Update 6/10 – We have developed and are running the software now.  We are also spot-checking some results along the way.

  1. Additional Checks for Completeness – Complete

Though we are expending exhaustive efforts for a complete data set, additional checks may be needed.  More detailed or different queries may be needed to find links to reviews that the simple queries were not able to achieve.  The above example for the Russian Google queries illustrates that alternate ways to query these sources may be needed.  In some cases we found querying with the business URL worked better than using the business name.  The difficulty here is that we won’t know for sure whether there will be a listing for a business.

Update 6/15: We have determined that the existing queries are adequate.

  1. Review Statistics & Choose Cut-Off Values – Complete

Once the data is run, we will spot check for accuracy.  We will also take a look at the data to determine an appropriate value for the number of reviews cut off value.  The intent is to choose a value where the data shows no/little correlation between the number of reviews and the average review values.

Update 6/15: We have examined the data and selected a cutoff of 125 reviews.  Values  greater than 125 did reduce R^2, but that reduction was insignificant.  We want to choose a cutoff that does not prohibit escape rooms in lower population areas from competing in this ranking.

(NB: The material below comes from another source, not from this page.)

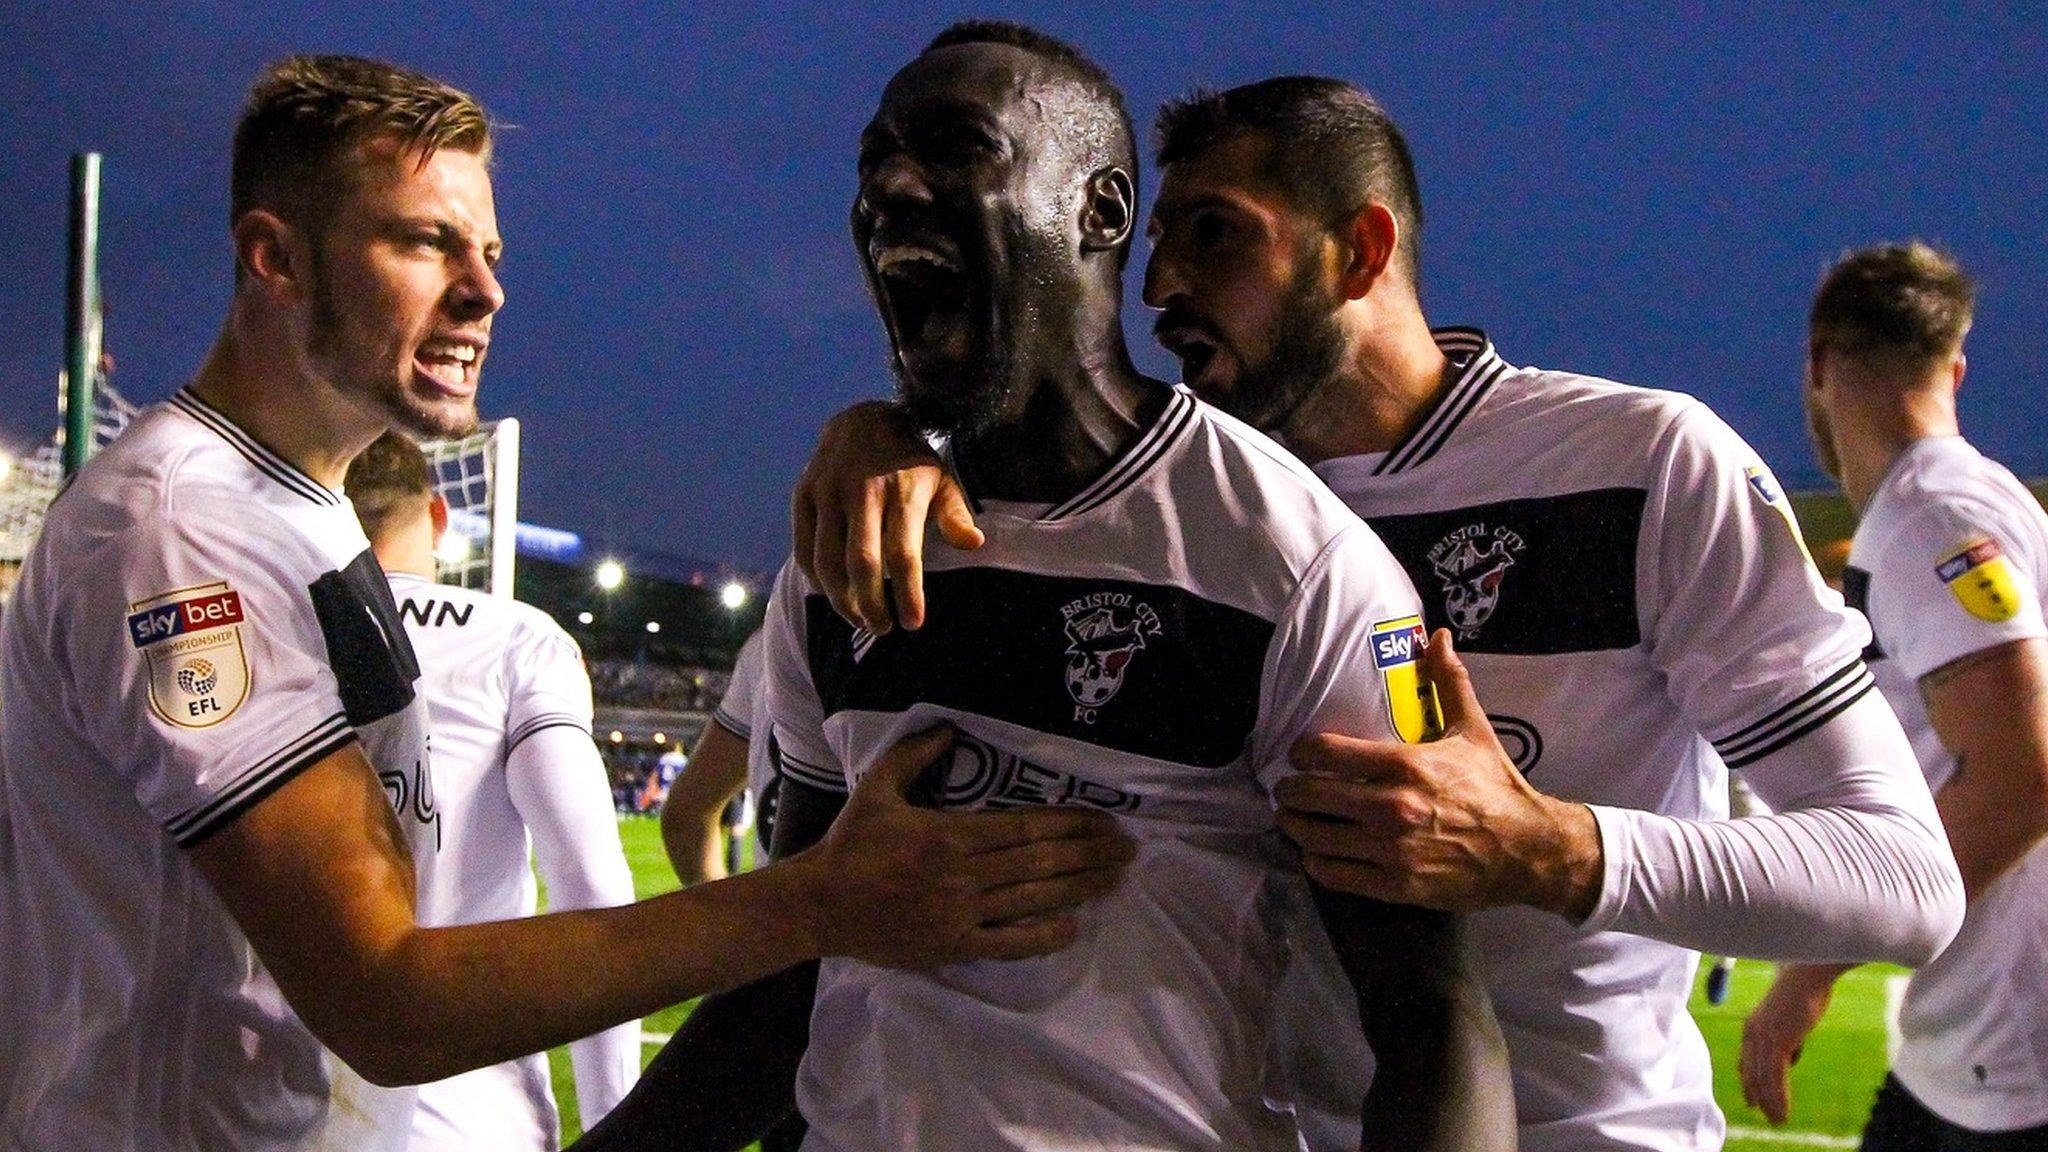 Birmingham City 0-1 Bristol City: Diedhiou goal earns win for Robins

We have also determined that locations with a most recent review > 90 days will be screened from the ranking.

Update 6/23: After more careful consideration, we are using a cutoff of 150 reviews.

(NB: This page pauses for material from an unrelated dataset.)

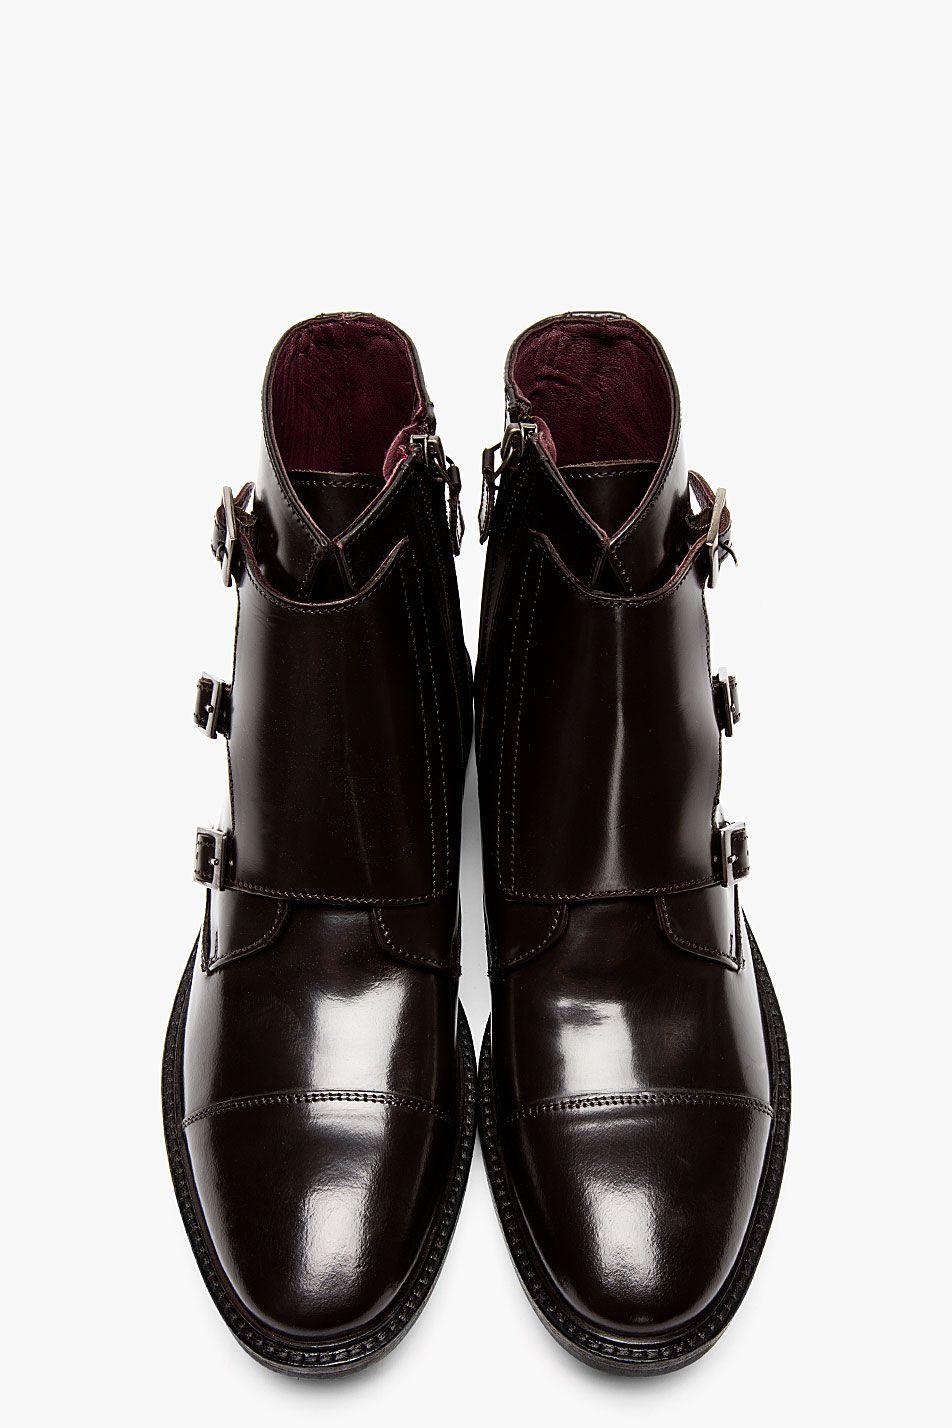 TIGER OF SWEDEN Deep brown monk strap CLIVE 04 boots

  1. Re-run & Provide Results – Complete

Depending on what is needed in the last two steps may require the software to be run again.  Once completed, we will format and post the data.

Update 6/23: We completed the spot-checks and are re-running this morning.  Then we will start formatting the tables for posting.

Update 6/28: We have posted the results.  If you compare results against the previous ranking, you will see a significant change.  We believe this occurred due to one or more of the following: 1) New process removed “rounding errors” from the previous weighted-average results, 2) More escape rooms businesses are now being tracked, and 3) Changes based on new reviews since the previous ranking.  Some businesses moved down (or off) the list, and some moved up.  For those that moved down, it’s important to note that movement was most likely due to items 1 and 2 and not an indication of poor performance.

As we update the ranking going forward, we will post each businesses rank from the previous ranking.  That way we can see the relative performance of a business (movement up or down the ranking) as compared to other businesses.

Ranking Process

The ranking process is very simple, though pulling the data for 9,000 business locations takes time!  Every review counts.  Each 5-star review is 5 points, each 4-star review is worth 4 points, etc.  Then it’s just the total points divided by the total number of reviews.

Here is an example for Company “X” that gives an average of 4.970:

Company X 5-star 4-star 3-star 2-star 1-star Total pts # Reviews Average
Google: 500 6 3 2 1 2538 512 4.957
Yelp: 10 0 0 1 0 52 11 4.727
TripAdvisor: 350 1 0 0 0 1754 351 4.997
Total pts: 4300 28 9 6 1 4344 874 4.970

Future Enhancements

As always, we appreciate your feedback.  We hope to run the update monthly.  We are also looking into tracking the monthly results to show the change in review average over time.

One challenge we see is becoming aware of new escape room businesses.  If you know of any, please send us the name and location of the business to contact@escapetheroomz.com.

Please Support Our Ranking Efforts

As you can see, we have worked hard and have spent many hours developing and improving the ranking software to track ~9,000 businesses.  Please consider donating to our ETR Ranking Effort!  This will help us pay the bills while being able to continue focusing on promoting escape room businesses and providing this information to players.  We want to continue updating the World and US ranking monthly, and we need your support to do this!  Please donate using the button below.

Only members can leave comments. Login or Register!
Jeff
August 21, 2019

We have updated the software for better detection of businesses that have permanently closed.